RARγ belongs to the family of nuclear receptors which regulates transcription. RARγ mediates the anti-proliferative and apoptotic effects of retinoids in cancer cells such as neuroblastoma cells. RARγ is the principal receptor that regulates RA mediated growth arrest in keratinocytes.
In vitro, application of BMS961on mouse ear skin was found to cause a significant increase of thymic stromal lymphopoietin (TSLP) transcripts1. In addition, exposure of BMS861 on limbs at low concentration leads to retarded growth of the zeugopod (long bones) and intactness of autopod (paw). However, high concentration of BMS961treatment caused equal undifferentiation of both limb regions 2.

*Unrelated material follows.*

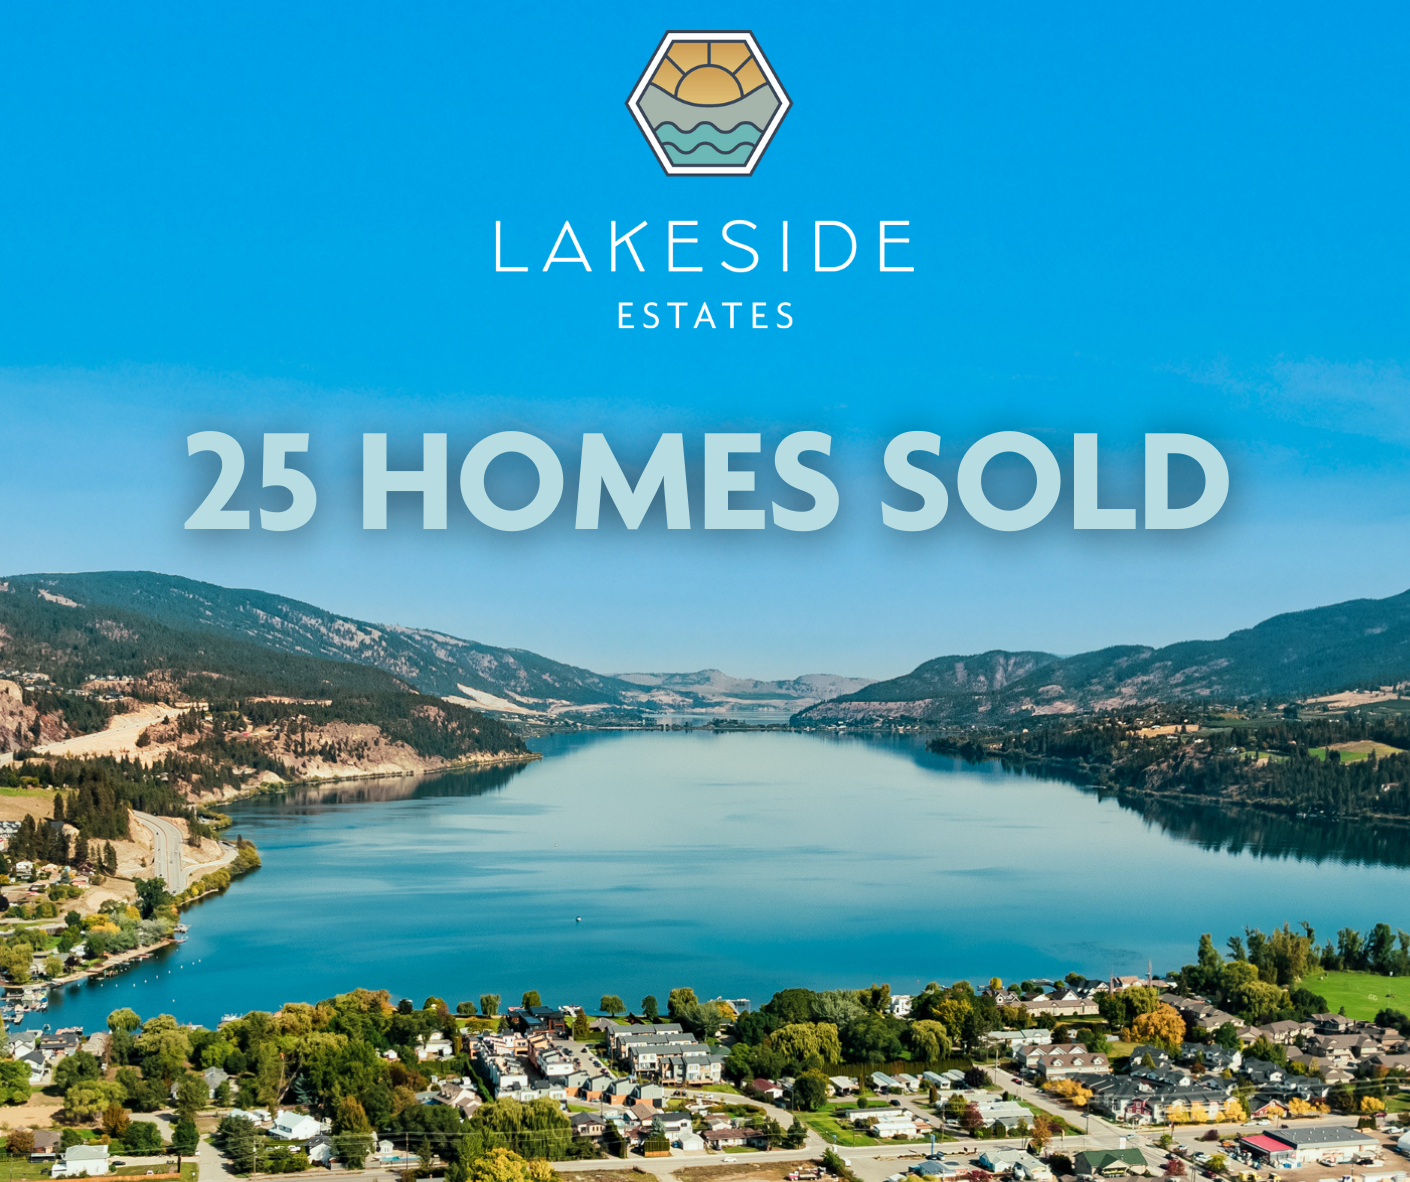 Lakeside Estates 25 homes sold

In WT mice, RARγ agonists BMS961treatment resulted in an increase of the ear TSLP transcripts and serum TSLP, which indicates an involvement of RAR-mediated events in transcriptional activation of TSLP expression1.
References:
1. Li M, Hener P, Zhang Z, et al. Topical vitamin D3 and low-calcemic analogs induce thymic stromal lymphopoietin in mouse keratinocytes and trigger an atopic dermatitis. Proceedings of the National Academy of Sciences of the United States of America. 2006;103(31):11736-11741.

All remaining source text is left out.